What is needed> Exactly the lines starting at the line containing "Protection des surfaces" and ending at the line containing "XXXII FESTIVAL INTERNAZIONALE" are to be written out from the listing below, both included.

Material for this task>
⟨
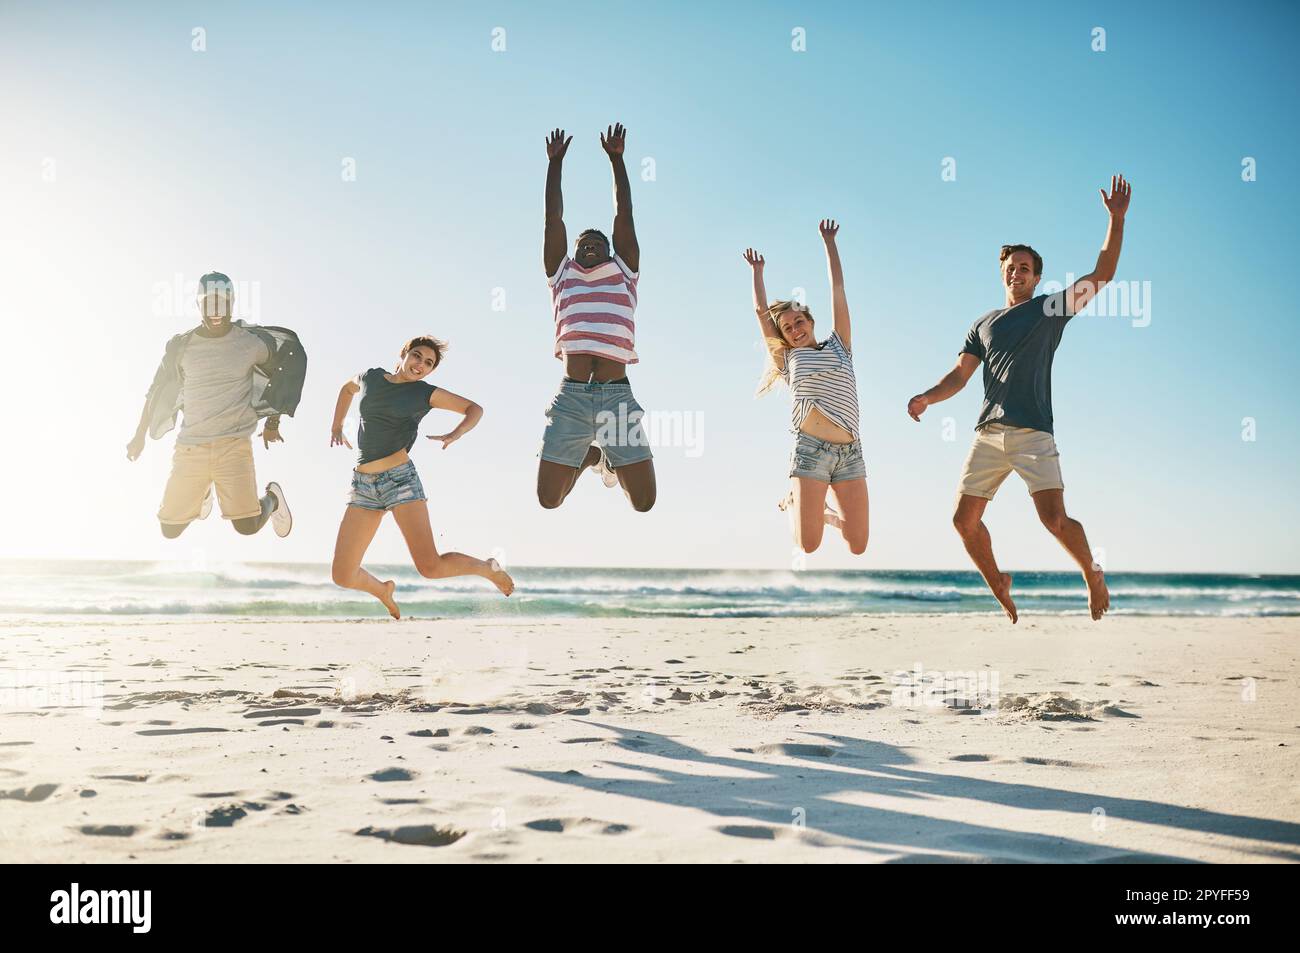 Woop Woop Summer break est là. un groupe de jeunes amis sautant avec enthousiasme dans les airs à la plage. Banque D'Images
⟩
⟨
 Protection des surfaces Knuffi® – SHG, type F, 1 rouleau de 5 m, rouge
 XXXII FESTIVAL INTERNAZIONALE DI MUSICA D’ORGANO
⟩
Output of the exercise>
 Protection des surfaces Knuffi® – SHG, type F, 1 rouleau de 5 m, rouge
 XXXII FESTIVAL INTERNAZIONALE DI MUSICA D’ORGANO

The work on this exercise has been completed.